## Task item
Among the entries below, find the line with "Медики ЮВО приняли", then quote it and each following line up to and including the line with "陰間BOYS~キャバクラの仕事はアナルから4 Vol.01 三ツ星盗撮", and nothing else.

## Data section
# # # #
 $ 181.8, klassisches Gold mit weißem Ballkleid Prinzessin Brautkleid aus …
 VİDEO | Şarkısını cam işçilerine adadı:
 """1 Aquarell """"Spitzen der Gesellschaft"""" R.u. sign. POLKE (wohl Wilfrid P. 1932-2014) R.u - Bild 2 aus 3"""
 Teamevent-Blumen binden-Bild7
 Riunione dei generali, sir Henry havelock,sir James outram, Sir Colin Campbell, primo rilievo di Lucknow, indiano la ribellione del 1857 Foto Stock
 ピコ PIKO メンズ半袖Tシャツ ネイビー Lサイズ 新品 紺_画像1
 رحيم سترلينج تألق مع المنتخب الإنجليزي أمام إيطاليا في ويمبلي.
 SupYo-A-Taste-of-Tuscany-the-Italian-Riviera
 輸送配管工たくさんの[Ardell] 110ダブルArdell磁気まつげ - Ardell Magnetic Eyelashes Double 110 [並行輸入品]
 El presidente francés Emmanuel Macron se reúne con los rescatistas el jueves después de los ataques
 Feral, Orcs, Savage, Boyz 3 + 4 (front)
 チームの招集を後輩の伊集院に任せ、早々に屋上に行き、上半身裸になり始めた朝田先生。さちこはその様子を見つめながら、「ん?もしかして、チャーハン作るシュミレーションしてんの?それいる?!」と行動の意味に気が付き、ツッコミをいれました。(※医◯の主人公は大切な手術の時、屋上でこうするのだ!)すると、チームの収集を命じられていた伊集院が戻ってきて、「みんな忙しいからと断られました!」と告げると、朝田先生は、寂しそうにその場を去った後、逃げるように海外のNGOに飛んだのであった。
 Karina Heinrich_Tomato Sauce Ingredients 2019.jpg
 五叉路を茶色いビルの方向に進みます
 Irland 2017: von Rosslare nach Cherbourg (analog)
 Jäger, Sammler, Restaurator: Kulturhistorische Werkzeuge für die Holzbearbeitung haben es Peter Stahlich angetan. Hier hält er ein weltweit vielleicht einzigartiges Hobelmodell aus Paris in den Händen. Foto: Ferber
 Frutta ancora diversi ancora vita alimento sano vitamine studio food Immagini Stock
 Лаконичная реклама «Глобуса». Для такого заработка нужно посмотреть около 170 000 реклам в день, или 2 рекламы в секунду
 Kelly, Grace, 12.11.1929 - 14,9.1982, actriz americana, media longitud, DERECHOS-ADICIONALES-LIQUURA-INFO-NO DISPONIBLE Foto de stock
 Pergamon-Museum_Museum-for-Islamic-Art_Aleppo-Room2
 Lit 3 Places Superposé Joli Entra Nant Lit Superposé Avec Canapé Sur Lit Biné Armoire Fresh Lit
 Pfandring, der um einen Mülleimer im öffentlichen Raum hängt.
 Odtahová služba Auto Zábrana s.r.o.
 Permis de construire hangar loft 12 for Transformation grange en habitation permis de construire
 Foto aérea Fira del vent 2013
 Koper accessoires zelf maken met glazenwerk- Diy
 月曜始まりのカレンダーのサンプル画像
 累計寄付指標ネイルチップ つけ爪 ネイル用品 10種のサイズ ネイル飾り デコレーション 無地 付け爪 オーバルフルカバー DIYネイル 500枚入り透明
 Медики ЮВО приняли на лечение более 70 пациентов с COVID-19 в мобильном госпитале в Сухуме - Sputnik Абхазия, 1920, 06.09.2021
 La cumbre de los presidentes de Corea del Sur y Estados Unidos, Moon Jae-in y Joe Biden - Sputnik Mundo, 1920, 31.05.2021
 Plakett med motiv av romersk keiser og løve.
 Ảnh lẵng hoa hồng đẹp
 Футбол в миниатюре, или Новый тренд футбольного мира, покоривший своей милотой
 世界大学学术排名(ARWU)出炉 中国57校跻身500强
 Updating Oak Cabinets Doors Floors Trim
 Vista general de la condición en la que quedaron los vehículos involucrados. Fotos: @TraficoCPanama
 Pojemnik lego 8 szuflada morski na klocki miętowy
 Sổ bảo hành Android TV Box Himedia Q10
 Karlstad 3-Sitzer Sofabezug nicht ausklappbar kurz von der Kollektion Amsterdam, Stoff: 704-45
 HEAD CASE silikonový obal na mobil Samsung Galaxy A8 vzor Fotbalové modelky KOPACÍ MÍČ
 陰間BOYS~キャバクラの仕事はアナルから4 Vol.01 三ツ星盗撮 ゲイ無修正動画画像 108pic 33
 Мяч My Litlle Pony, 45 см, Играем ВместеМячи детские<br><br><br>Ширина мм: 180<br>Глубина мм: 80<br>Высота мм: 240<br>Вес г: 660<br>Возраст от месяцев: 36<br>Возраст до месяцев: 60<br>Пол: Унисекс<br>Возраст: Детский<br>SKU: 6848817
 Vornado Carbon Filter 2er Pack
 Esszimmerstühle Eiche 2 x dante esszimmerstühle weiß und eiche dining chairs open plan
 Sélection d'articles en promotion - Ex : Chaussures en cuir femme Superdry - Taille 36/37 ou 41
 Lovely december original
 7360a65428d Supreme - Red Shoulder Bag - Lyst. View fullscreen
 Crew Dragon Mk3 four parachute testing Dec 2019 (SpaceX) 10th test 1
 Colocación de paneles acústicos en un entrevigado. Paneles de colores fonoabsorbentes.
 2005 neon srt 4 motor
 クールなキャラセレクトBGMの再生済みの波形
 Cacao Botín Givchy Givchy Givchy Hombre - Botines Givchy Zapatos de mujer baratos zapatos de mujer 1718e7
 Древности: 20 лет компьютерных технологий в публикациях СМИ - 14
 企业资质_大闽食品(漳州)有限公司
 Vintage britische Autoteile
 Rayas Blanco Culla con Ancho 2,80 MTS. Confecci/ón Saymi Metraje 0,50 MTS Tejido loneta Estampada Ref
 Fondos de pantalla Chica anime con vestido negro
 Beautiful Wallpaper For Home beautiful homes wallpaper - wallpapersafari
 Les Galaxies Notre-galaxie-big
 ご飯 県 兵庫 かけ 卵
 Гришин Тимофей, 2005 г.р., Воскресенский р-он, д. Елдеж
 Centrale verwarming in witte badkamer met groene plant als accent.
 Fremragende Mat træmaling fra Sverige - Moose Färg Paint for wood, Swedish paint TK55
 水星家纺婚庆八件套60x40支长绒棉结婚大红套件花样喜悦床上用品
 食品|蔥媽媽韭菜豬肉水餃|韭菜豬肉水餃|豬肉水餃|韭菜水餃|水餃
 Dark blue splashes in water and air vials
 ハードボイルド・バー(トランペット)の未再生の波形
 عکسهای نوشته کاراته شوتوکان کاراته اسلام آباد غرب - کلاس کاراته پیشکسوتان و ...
# # # #
## Answer to the exercise
 Медики ЮВО приняли на лечение более 70 пациентов с COVID-19 в мобильном госпитале в Сухуме - Sputnik Абхазия, 1920, 06.09.2021
 La cumbre de los presidentes de Corea del Sur y Estados Unidos, Moon Jae-in y Joe Biden - Sputnik Mundo, 1920, 31.05.2021
 Plakett med motiv av romersk keiser og løve.
 Ảnh lẵng hoa hồng đẹp
 Футбол в миниатюре, или Новый тренд футбольного мира, покоривший своей милотой
 世界大学学术排名(ARWU)出炉 中国57校跻身500强
 Updating Oak Cabinets Doors Floors Trim
 Vista general de la condición en la que quedaron los vehículos involucrados. Fotos: @TraficoCPanama
 Pojemnik lego 8 szuflada morski na klocki miętowy
 Sổ bảo hành Android TV Box Himedia Q10
 Karlstad 3-Sitzer Sofabezug nicht ausklappbar kurz von der Kollektion Amsterdam, Stoff: 704-45
 HEAD CASE silikonový obal na mobil Samsung Galaxy A8 vzor Fotbalové modelky KOPACÍ MÍČ
 陰間BOYS~キャバクラの仕事はアナルから4 Vol.01 三ツ星盗撮 ゲイ無修正動画画像 108pic 33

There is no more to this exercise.